Abstract:
Sarcoglycanopathies (SGCs) which are caused by mutations in SGCA, SGCB, SGCG or SGCD genes are a subgroup of autosomal-recessive limb-girdle-muscular-dystrophies (LGMD2). Although frequencies of mutations in these genes are different among populations, mutations in SGCA and SGCD, respectively, have the highest and lowest frequencies in most populations. Here, we report the proportion of mutations in SGC genes among a group of Iranian SGCs patients. Clinical features and results of SGC genes screening of 25 SGCs probands are presented. Large deletion mutations are confirmed with MLPA assays. In total, 15 candidate disease causing mutations were observed in the SGCA, SGCB, SGCG and SGCD genes; ten were novel. Fourteen (56%), seven (28%), three (12%) and one (4%) patient, respectively, carried mutations in SGCB, SGCG, SGCD and SGCA. The findings suggest that LGMD2E is the most common form of SGCs in the Iranian population and that LGMD2D is the rarest. Twelve LGMD2E cases carried the same mutation. To the best of knowledge, the mutation spectrum in SGCs is being reported for the first time in Iranian population.

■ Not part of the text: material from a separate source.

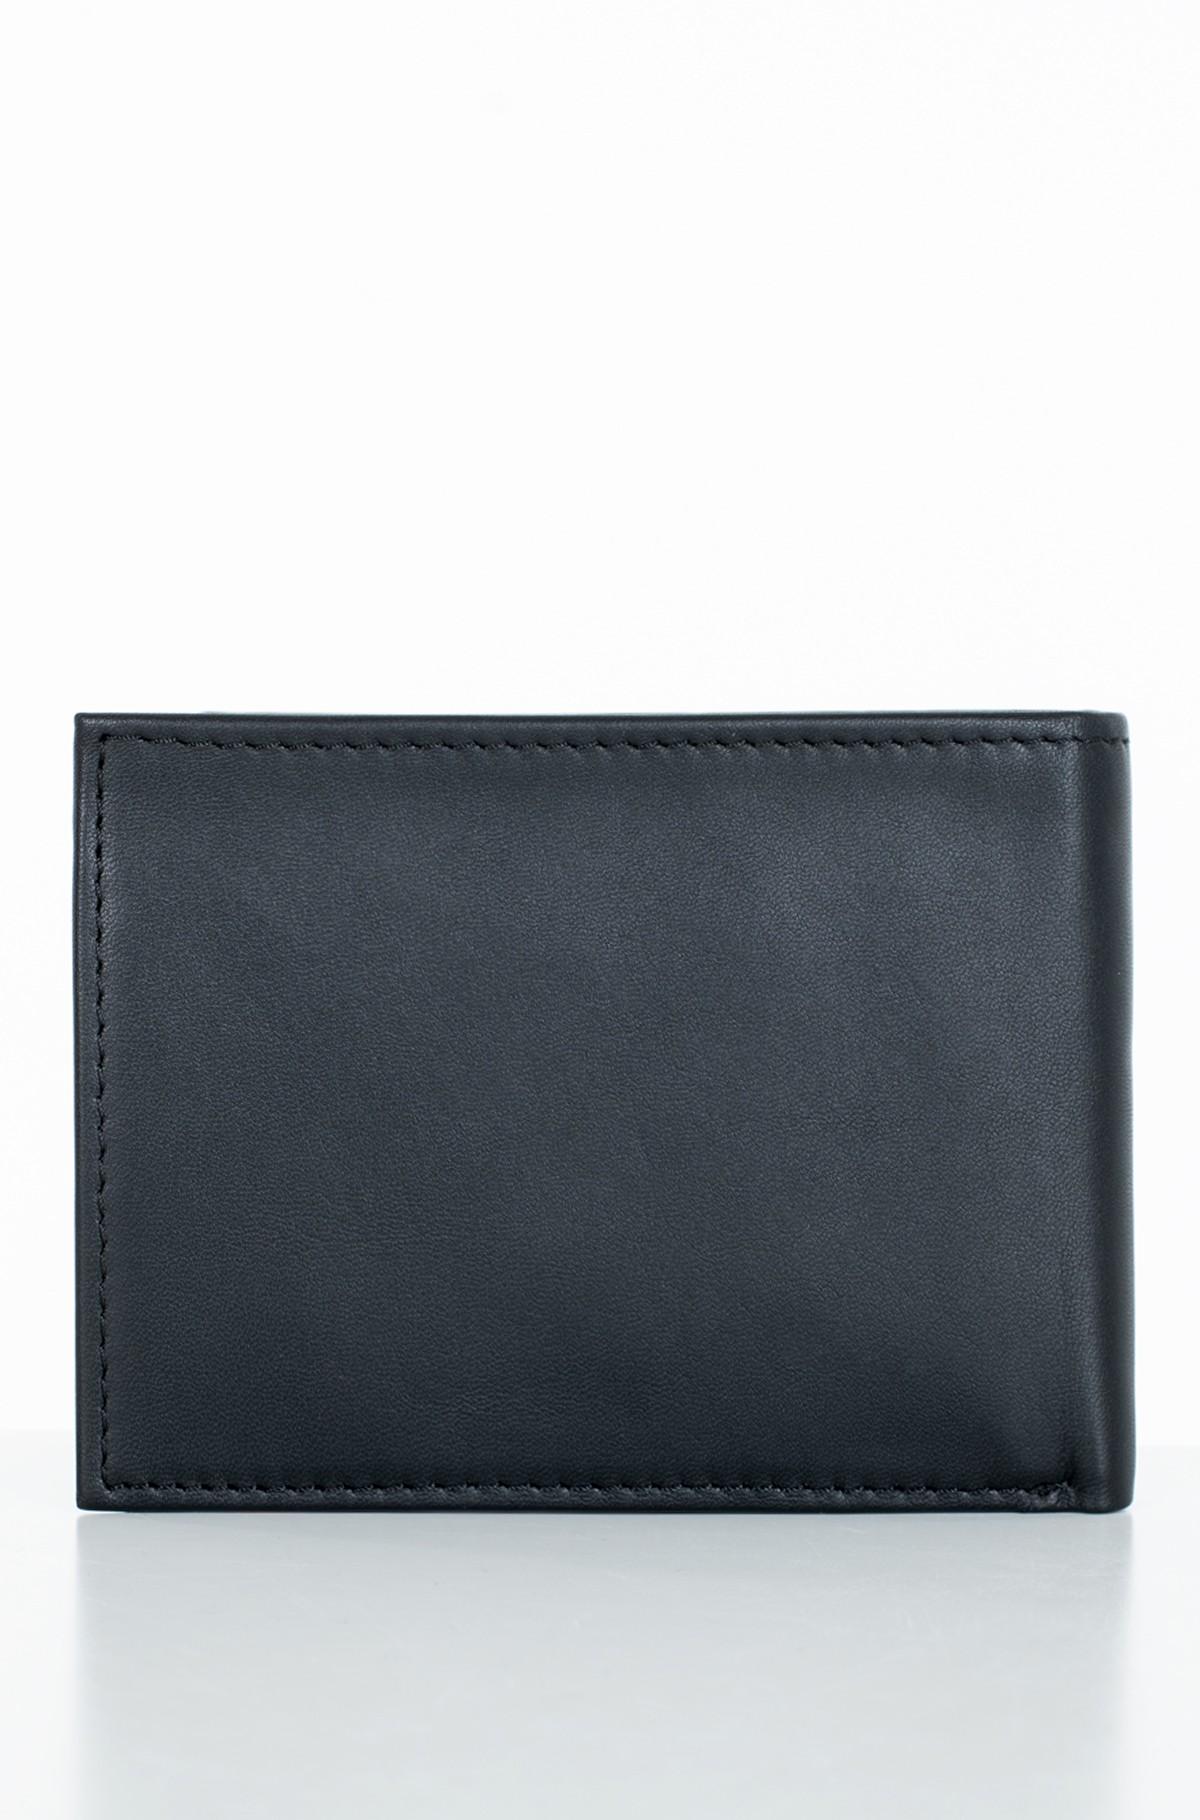 Wallet SMDAEL LEA20-full-3

The finding will be beneficial for screening and genetic-counseling of SGCs patients in Iran.
摘要:
由SGCA突变引起的SGC病,SGCB,SGCG或SGCD基因是常染色体隐性遗传肢带肌营养不良(LGMD2)的一个亚组。尽管这些基因的突变频率在人群中不同,SGCA和SGCD中的突变,分别,在大多数人群中频率最高和最低。这里,我们报告了一组伊朗SGC患者中SGC基因突变的比例.介绍了25个SGC先证者的临床特征和SGC基因筛选结果。用MLPA测定确认大的缺失突变。总的来说,在SGCA中观察到15个候选致病突变,SGCB,SGCG和SGCD基因;十个是新的。14(56%),七(28%),三名(12%)和一名(4%)患者,分别,在SGCB中携带突变,SGCG,SGCD和SGCA。研究结果表明,LGMD2E是伊朗人口中最常见的SGC形式,而LGMD2D是最罕见的。12例LGMD2E病例携带相同的突变。据我们所知,首次在伊朗人群中报道了SGC的突变谱。这一发现将有利于伊朗SGC患者的筛查和遗传咨询。